I would say that the interrupt code of the aic in itself is therefore ok with
SMP. If it were a SMP race condition inside the interrupt routine this test
should have been ok (as only one CPU is used).
Regards,
Stephan
>> I never said that it wasn't serios, I just haven't seen any indication
>> that this problem is caused by my driver. There is a big difference.
>> If your complaint is that I typically help people to solve their problems
>> *off-list*, then I'm sorry if that offends your sensibilities.
>
> It does not offend my sensibilities, it is simply damaging the available
> information about typical problems and their solving. If you don't do it open,
> there is no way for others to follow your thoughts and debugging and therefore
> you are confronted hundred times with the same questions. People have no
> choice but asking you, because your debugging cases are hidden.
99% of the problems have to do with broken interrupt routing. There is
plenty of information about this issue on the mailing lists, but people
still ask me. It seems that SCSI is suitably complex for the common
user that even when the driver explictly tells you "your drive is dying",
I get email asking how I can fix my driver so that their drive doesn't
die. The same is true if you look at the large body of dump card state
information that people have posted from the aic7xxx and aic79xx drivers
to this list. Anyone who gets this type of output seems to think that
their problem must be the same as any other person that gets a dump
card state. I don't think that any amount of posting information about
how I decifer what the registers are telling me will cut down on this
confusion.
>> I'm just sick of being blamed for anything that goes wrong on any system
>> that happens to have an aic7xxx controller in it. 99% or the time its
>> not my fault, but I suppose since I debug and resolve these issues off
>> list for people that contact me, the general assumption is that these
>> issues are the aic7xxx driver's fault.
>
> No, you produce your own problem. You cannot help every single who has a
> problem around his box/aic. This is impossible. So you have to create a
> valuable information basis others can read and think about. This is most
> simply done by debugging problems _openly_.
I just don't believe that this is true. Most of the questions that people
email me directly are questions that are easily answered by a google search.
In otherwords, the information is already readily available. It is just
easier to send email than to actually investigate a potential solution
to the problem. So, people send email and ask the same questions, and
get the same answers.
>> >> a buffer layer bug, or a filesystem bug.
>> >
>> > /dev/tape with a filesystem? Have you read what we are talking about?
>>
>> Where did you get the data to place on the tape? /dev/zero?
>
> Don't be silly. If reading a file from some hd would be a problem in itself,
> then we could all go home and have a beer. You are talking about the minimum
> requirement for an os.
You're the one being silly. You are oversimplifying what it takes to
do I/O and the components that are involved in doing that I/O. If you
don't understand that the load on several components in the kernel changes,
often in subtle but important ways, when you change the target of your
I/O, then I don't know what to say to you.

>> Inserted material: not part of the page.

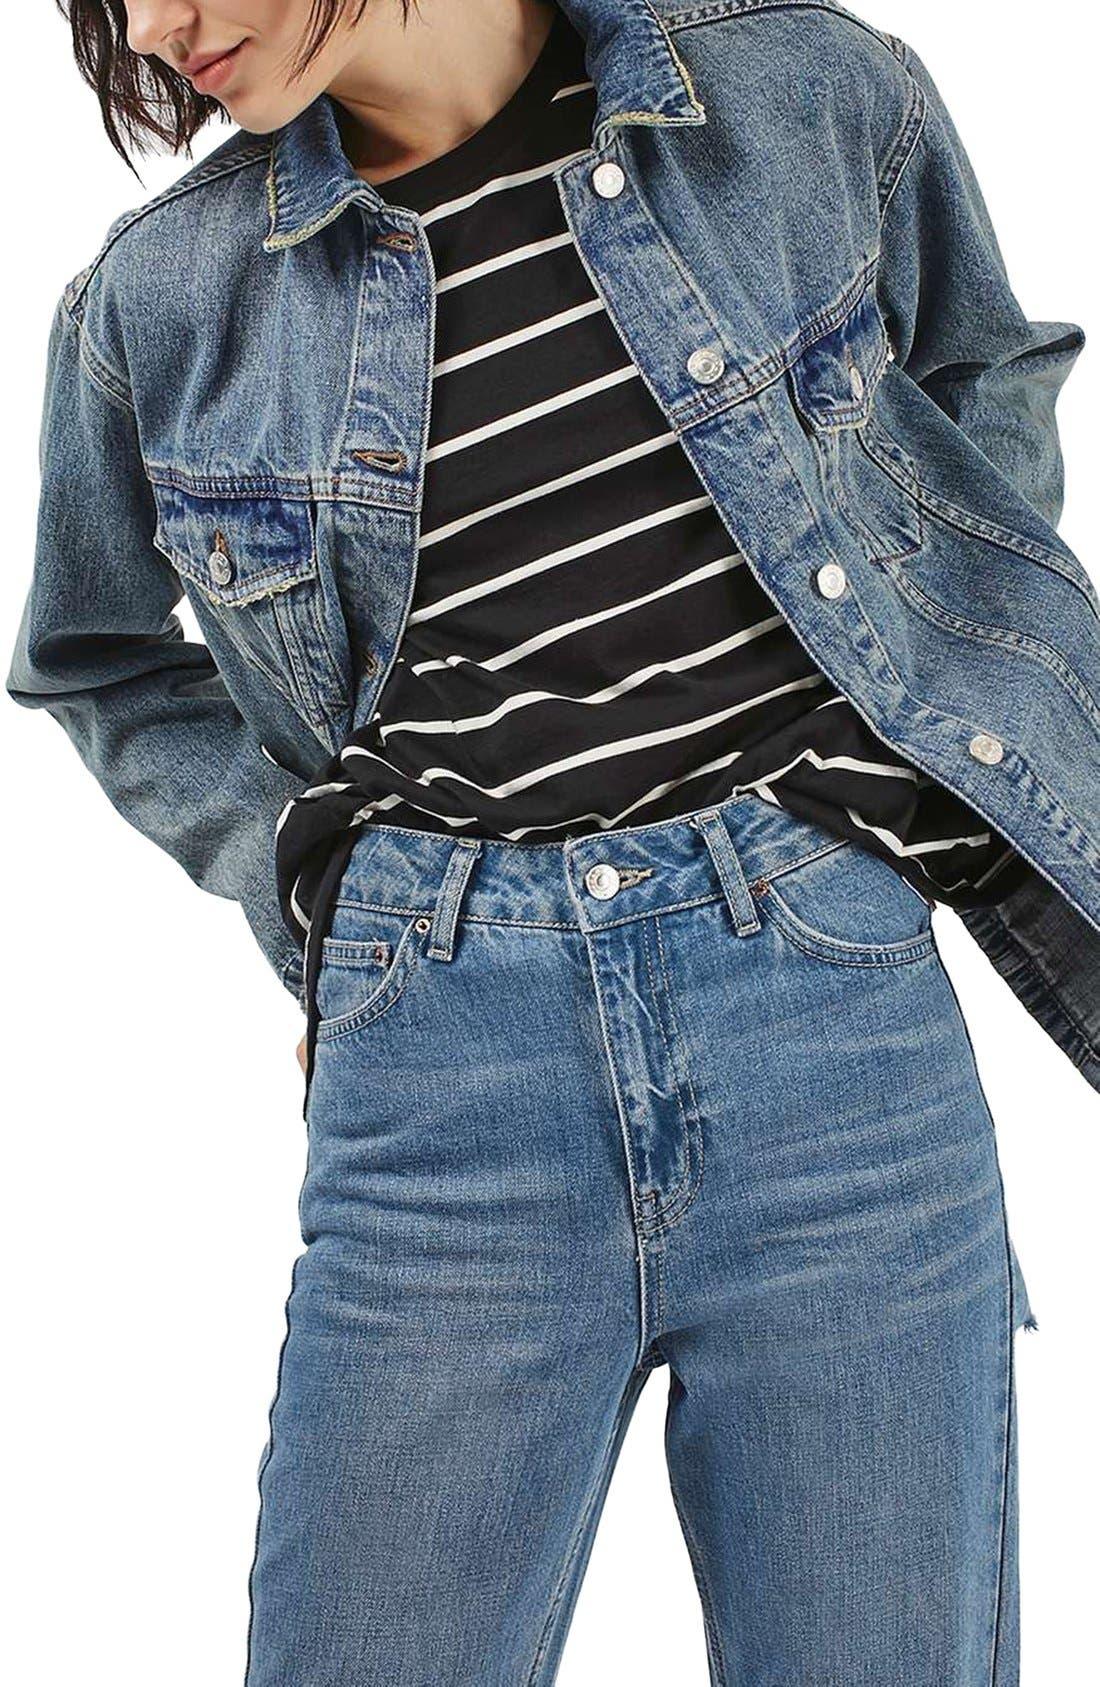 Alternate Image 1 Selected - Topshop Moto Dirty Lilac Oversized Denim Jacket

>> >> When testing our drivers against RHAS2.1 we found that the stock
>> >> kernel had data corruption issues very similar to what your are talking
>> >> about when run on very fast, hyperthreading, SMP machines. The data
>> >> corruption occurred with any SCSI controller we tried, regardless of
>> > vendor.
>> >
>> > My question is: is it solved?
>>
>> My understanding is that it was fixed in 2.4.18 level kernels, but since
>> I don't know the root cause of the corruption, it could have just been
>> made more difficult to reproduce.
>
> Can you point to some URL where information about this is available?
https://rhn.redhat.com/errata/RHSA-2003-147.html
This is just the most recent attempt to fix these issues. You might
want to go back and read the other erratas.

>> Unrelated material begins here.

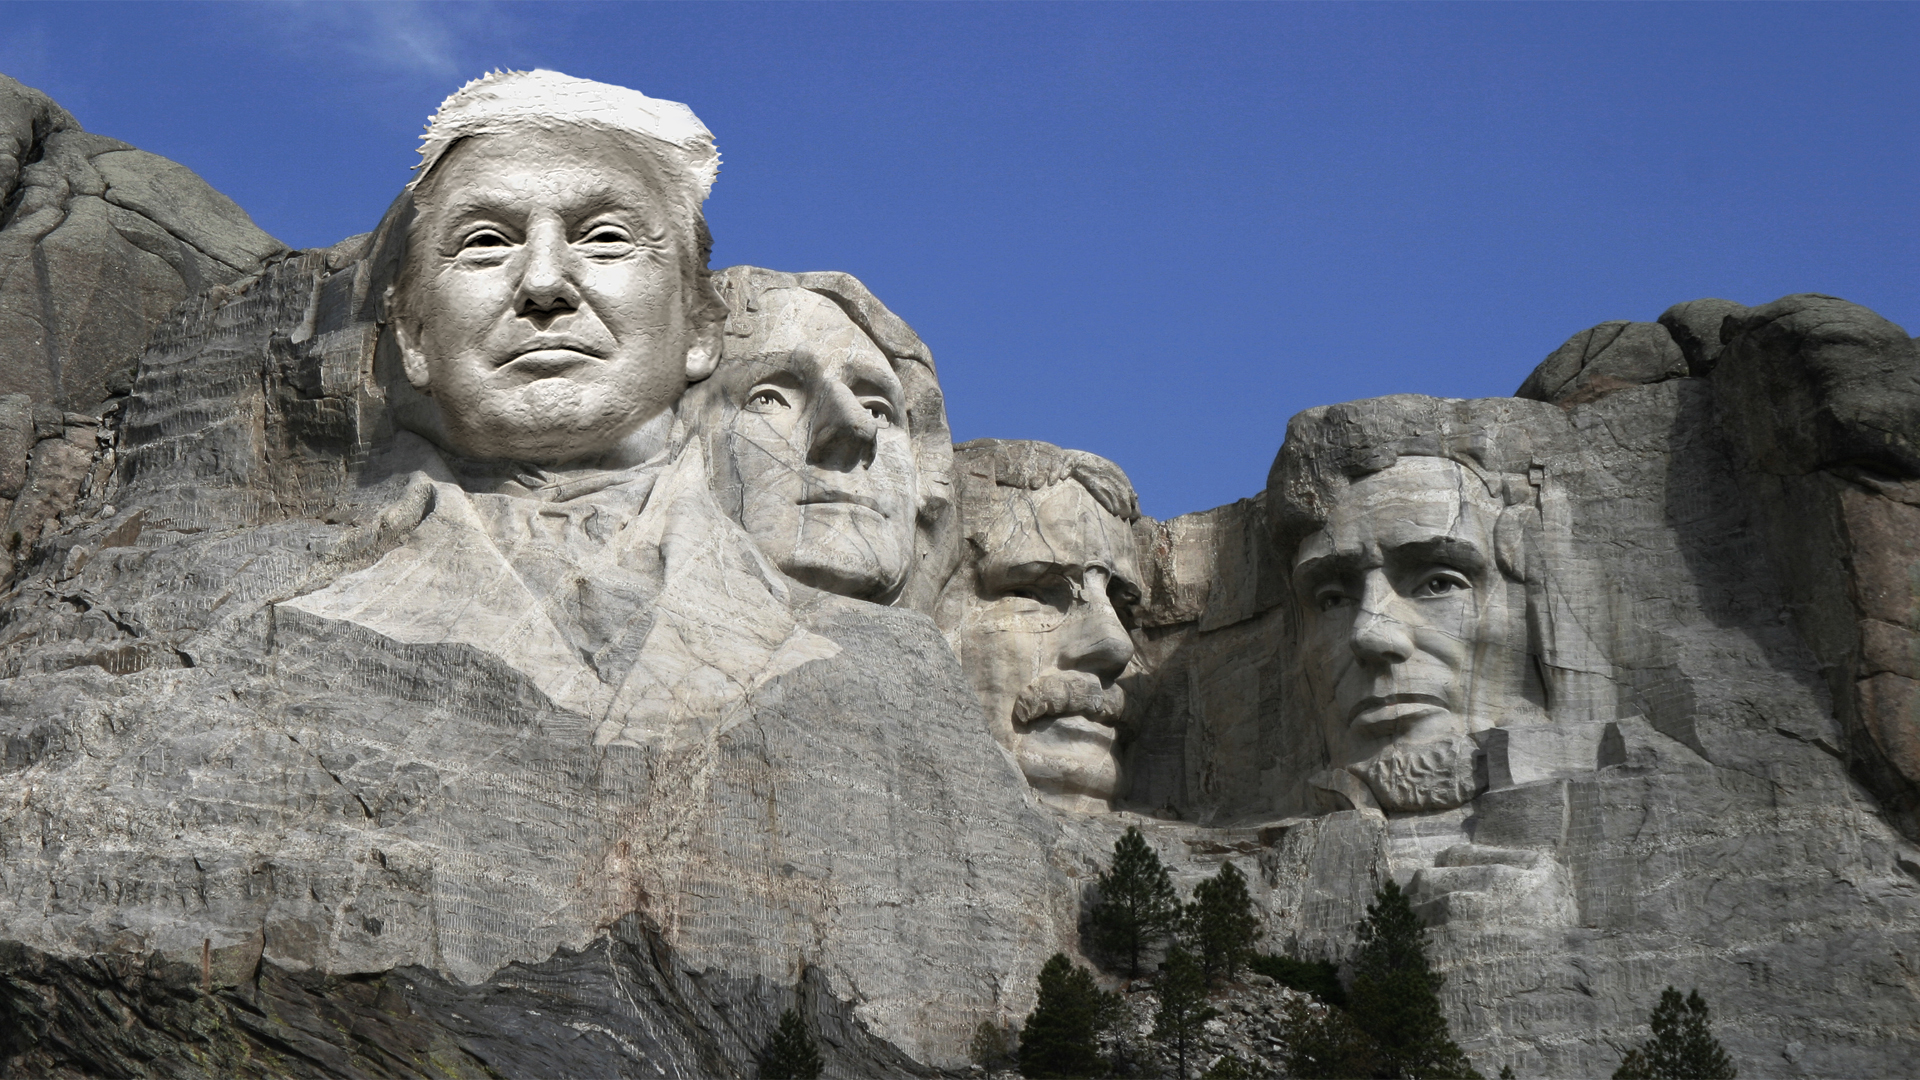 Trump On Mt Rushmore

>> > Justin, this is nothing quite serious, I just mentioned it for a feedback
>> > to something _simple_.
>>
>> It's the only thing you've mentioned that I have enough information to
>> look at.
>
> No, it is only the most simple one. Unfortunately scsi-driver development is
> everything but simple for the standard problem case. It requires the ability
> to set up equipment just like the discussed case for reproduction of the
> problem. Of course only for cases the author cannot reproduce inside his
> software via brain. All information needed to reproduce the main problem is
> available in this thread.
To reproduce your problem, I need the same MB, memory configuration, drive
types, a 3ware card, and the same tape drive you have. I have tried various
backup scenarios with *other hardware* and have failed to reproduce your
problem.
>> I suggest you go browse the code that is exercised by such an activity
>> before you say that.
>
> What kind of a statement is this?
Its one way of saying that you need to understand all of the code involved
with turing a write syscall into a call into the aic7xxx driver. If you
review the code path, you'll find that there are thousands of lines of
code involved that have nothing to do with SCSI or the aic7xxx driver.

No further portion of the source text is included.